Ok when I got done riding this past weekend my buddy noticed my rear tire wobbling in and out and I could not tell anything but he looked at it this morning and said it was the bearings. I havent changed them yet and it has like 288 miles on it do you think that sounds about right? I will check when I get home. Also the belt light just came on all of a sudden but it was still riding fine no limp mode or belt smell coming from the snorkel. I cant figure out why the belt light came on mabe the battery is getting low I have no clue.


----------



## trailmaker (Jun 29, 2010)

If its not your bearing it could be that your axel castle nut is loose and as far as your belt light goes it comes on after 100 hours from when it was last reset.
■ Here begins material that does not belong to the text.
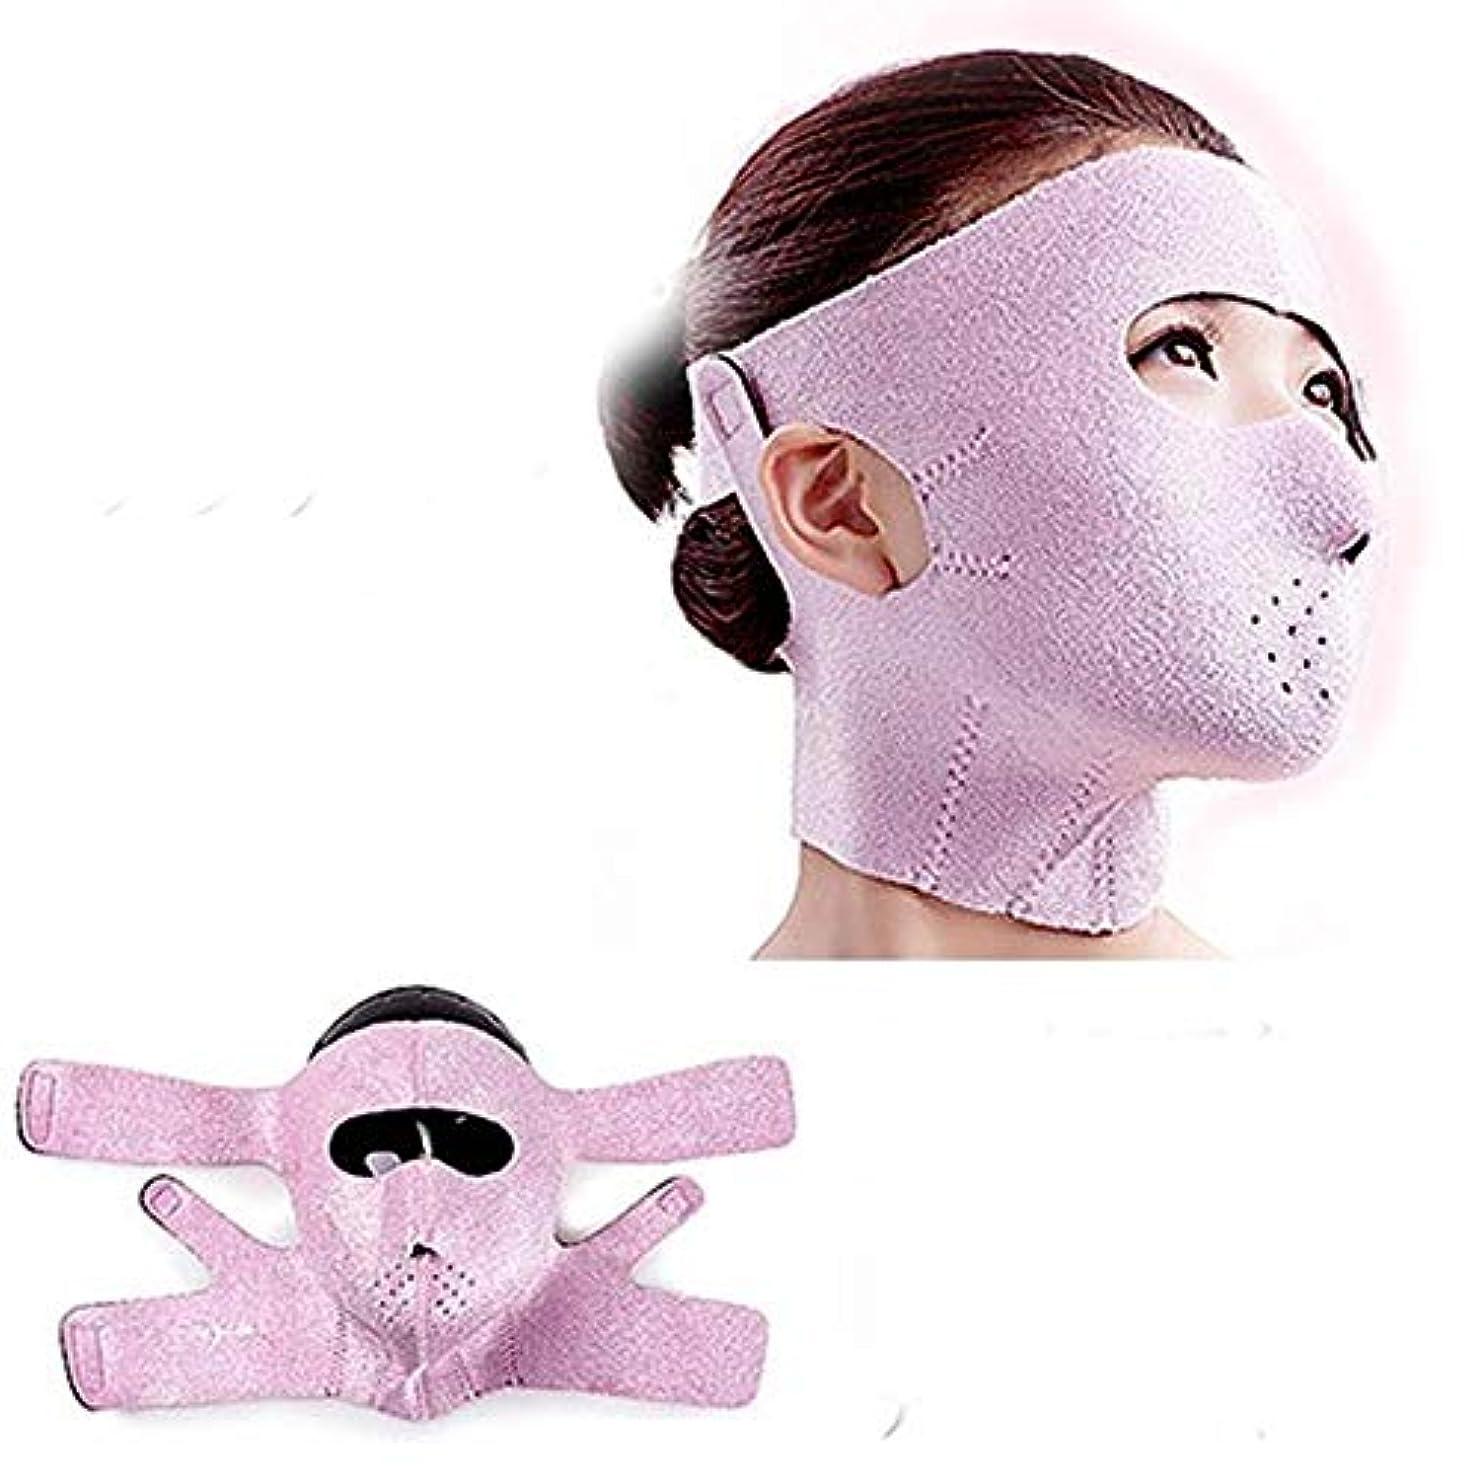 小間戦略修正する小顔 矯正 補正 サウナ マスク サポーター 顔 リフトアップ エステ ダイエット
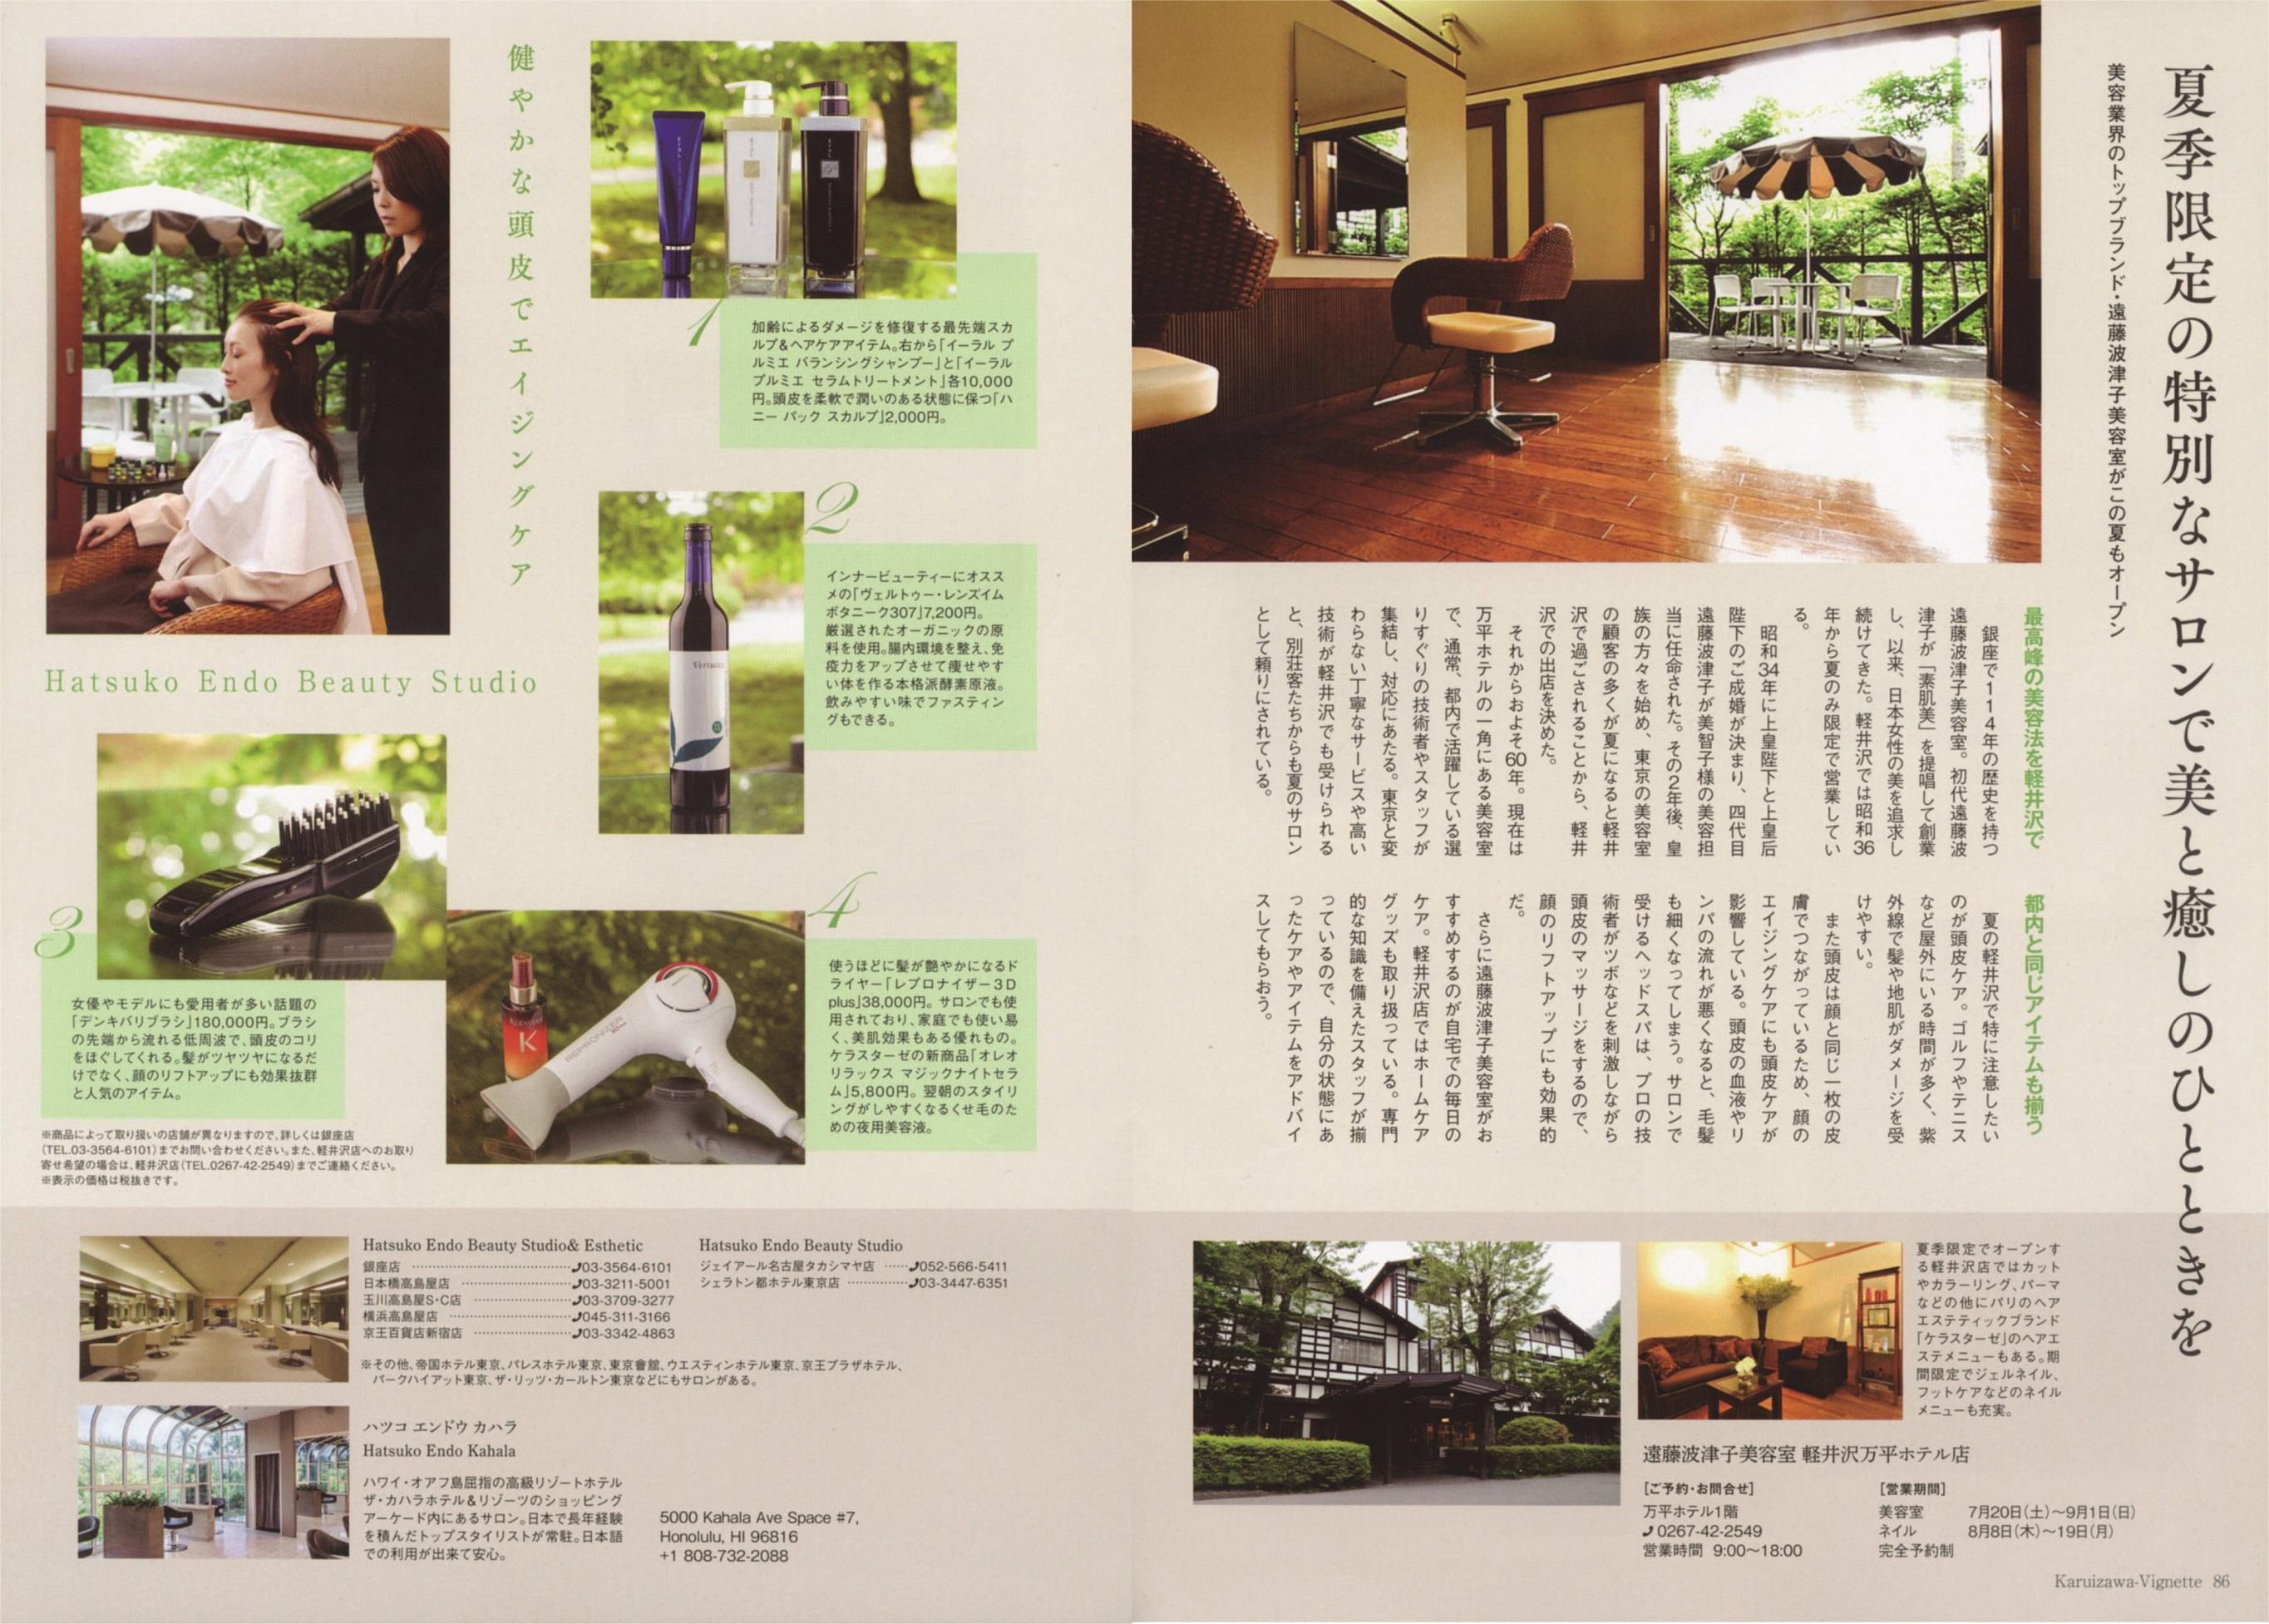 7月26日発売_軽井沢ヴィネット 2019下巻 vol.125 P.90-91

No big deal mine just went off a couple weeks ago. The only thing is i dont know what will happen if you leave it like this it may go into a limp mode after somany hours of going off. It is easy to reset there is probably a how-to or thread on how to do it if not i can take pictures of the wiring harnesses that need to be unplugged and switched around etc..etc..to reset it....


----------



## DrillersGoDeeper (Jan 3, 2009)

http://www.mudinmyblood.net/forum/showthread.php?t=18

HERE IS THE BELT RESET "HOW TO" FOR YA:
THE LIGHT WILL COME ON @ +/- 100 HRS LIKE SAID ABOVE


----------



## brute21 (Mar 12, 2010)

Right on guys I guess thats why the light came on and I will check my hub to make sure its that castle nut


----------



## walker (Apr 5, 2009)

i have changed several wheel bearings .. if not replaced in a timely manner it will eat up the knuckle trust me i know this .. i use oem .. they are a little pricey but i have had good luck with them


----------



## brutemike (Mar 23, 2010)

American star has bearings two fronts or two rears for 54 bucs dont know how they are but thats what im going to try this time. I have to do all four.


----------



## brute21 (Mar 12, 2010)

Man everybody is going to laugh. I swapped my tires and rims for my brothers this past weekend and Obviously I didnt tighten them down good and the tire was about to fall off. good think my buddy told me cause I would have never known. How many miles are yall getting on your bearings before you have to change them? I probably need to go ahead and do it soon.


----------



## monsterbrute750 (Apr 13, 2010)

Always ride your quad around for about 10 min and retighten your lug nuts after having the wheels off. The lugs tend to loosen up on aluminum rims after having them off.
As far as wheel bearings, if you ride in mud and water alot you will have to change them more often. Big tires play a part in that also. I run 28's and I am still on my original bearings on my '08.


----------



## meangreen360 (May 3, 2009)

Been running 29.5 and now 31 outlaws since had the bike. Still on factory bearings. Depends on what day your bike was made!lol


----------



## brute21 (Mar 12, 2010)

Your right about tightening them up after you ride for a bit cause I checked the other 2 tires and they were a little loose too. I havent heard any noise from the tires so I guess the bearings are still good. I have been running 28's 29.5's and now 30's on it since 08 so hopefully I can get through deer season without having to change them.


----------